3. Place the prepared Horseradish, along with the garlic clove and pepper corns, if desired, into the bowl.

4. Pour one cup of the oil into the sauce pan and heat, but do not boil.

5. Pour heated oil over the Horseradish in the bowl and stir with the wooden spoon to mix well.

6. Slowly add remaining oil into the bowl and stir to mix.

7. Once cooled, place in the large mouth jar and seal tightly.

8. Place jar on a sunny window sill for two weeks, gently shaking the bottle every day or so to blend the flavors.

9. Slowly pour the liquid a little at a time into a funnel lined with a double layer of cheese cloth set on the top of a clean decorative bottle and cap tightly.

10. Add a few fresh slices for decoration and identification and label, including the date.

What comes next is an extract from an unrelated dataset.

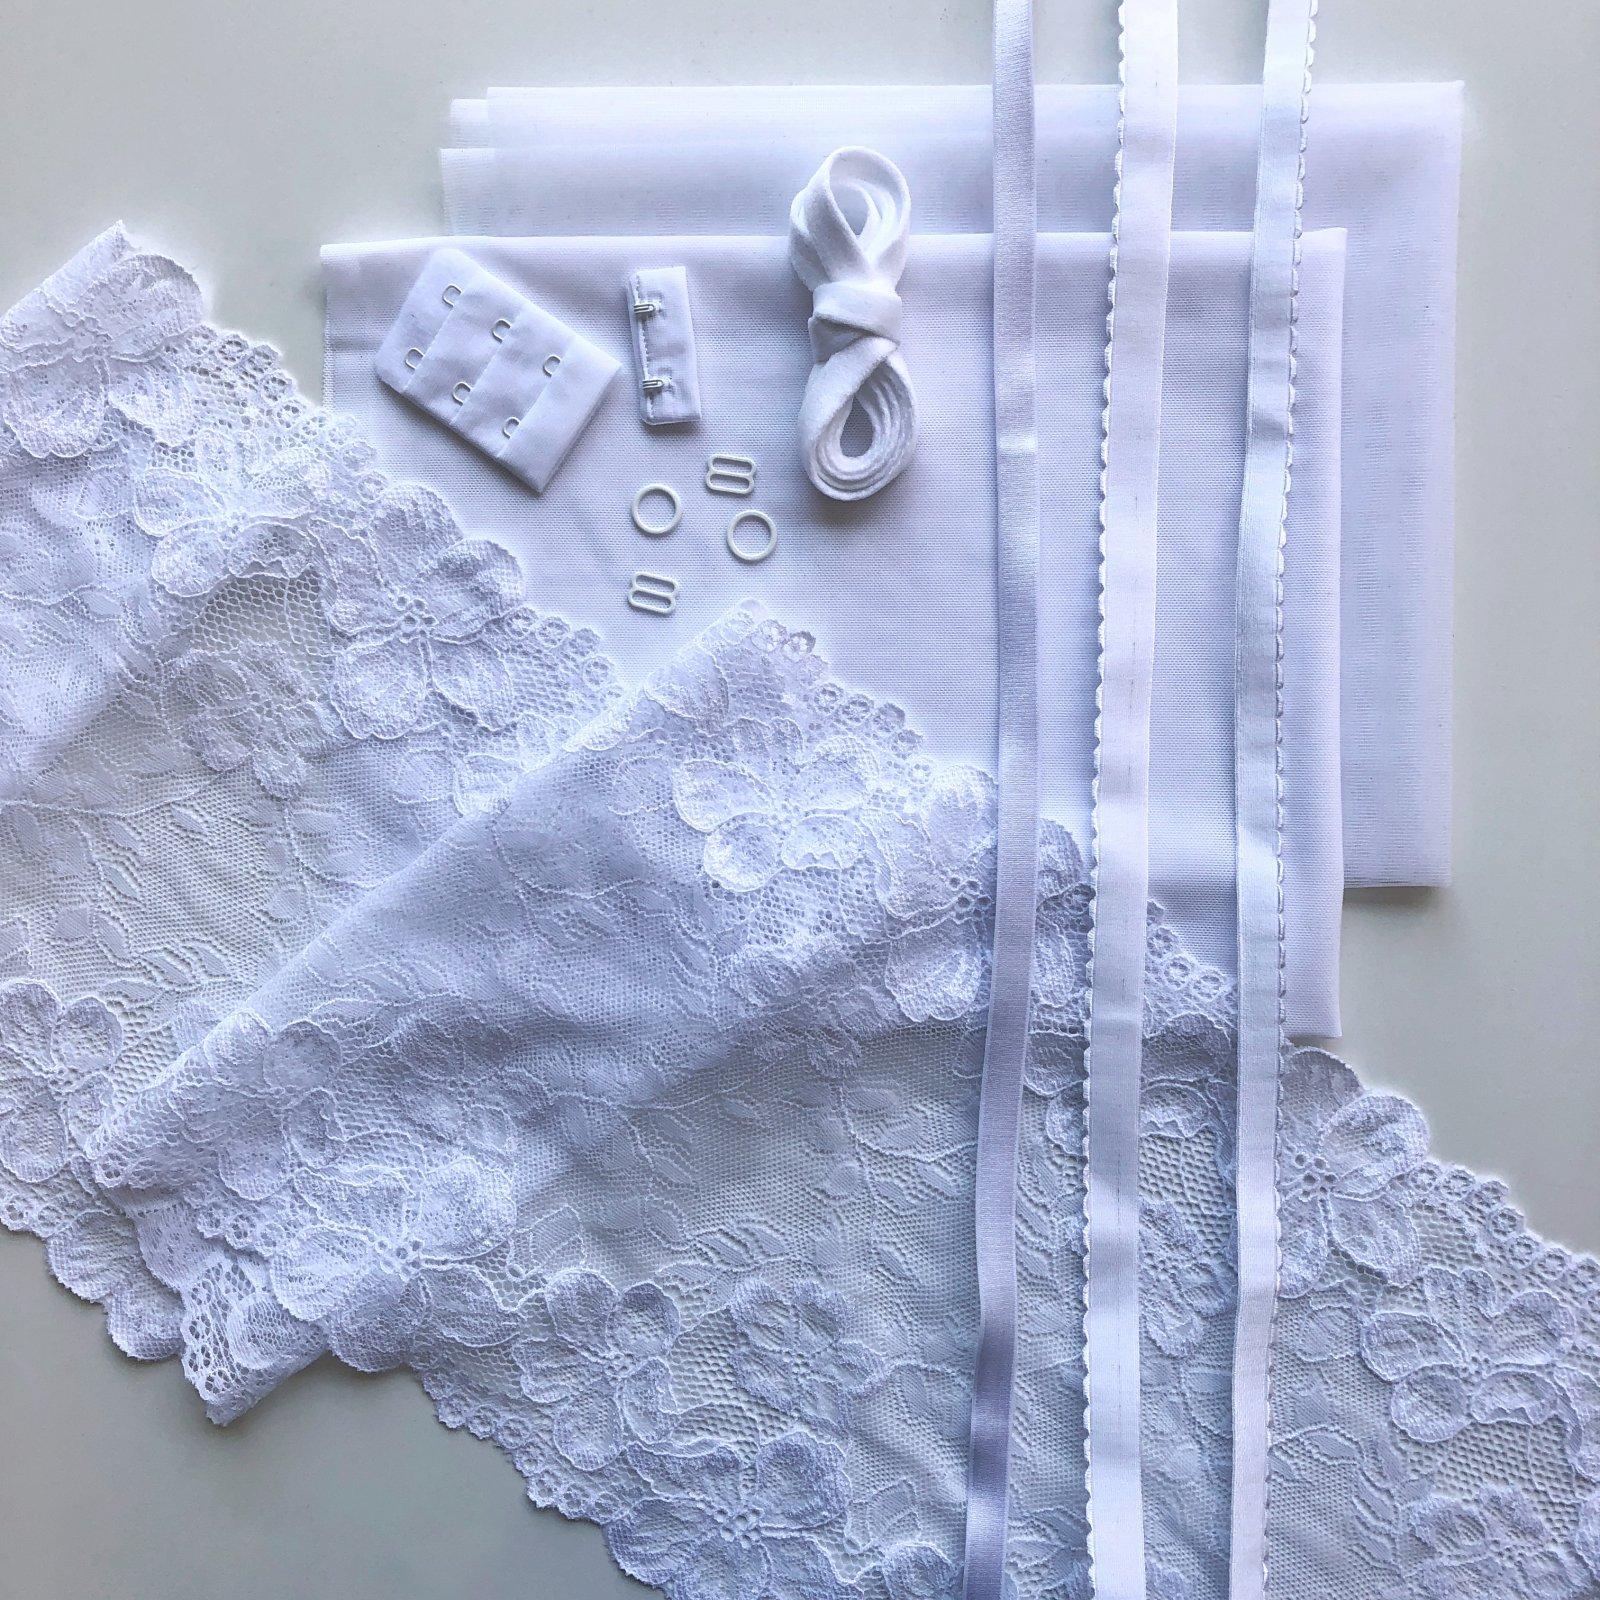 Lace Underwire Bra Kit - White

USES: Flavored oils can be used in almost every recipe that uses oil, from meat, poultry or fish marinades, sautes, sauces, herb flavored mayonnaise, and salad dressings.

STORAGE: These oils will store up to six months in a dark cupboard or pantry.

Traditional Grated Horseradish

I try to keep a small jar of this in the refrigerator at all times. It keeps well for three or four weeks and is great in everything from Bloody Marys to cocktail sauce for cold seafood dishes.

EQUIPMENT REQUIRED:

Food Processor or Heavy cheese grater

Small clean jar (1/2 cup or so) with tight fitting lid

Bamboo skewer

INGREDIENTS:

Fresh Horseradish Root

Good quality vinegar, including white or red wine or light balsamic vinegar

METHOD:

1. Peel the Horseradish root and prepare by either grating the root manually with the cheese grater or processing in the food processor fitted with a grating blade.

WARNING: Resist the urge to bend down close and check the progress of the grating as you will experience an intense "cloud" of Horseradish oil and odor that will make your eyes water and your nose run! Use caution when leaning near freshly grated root!

2. Fill the clean jar half way with the vinegar and spoon the grated horseradish into the jar until full. Stir with the bamboo skewer to mix well.

3. Cap tightly and store in the refrigerator.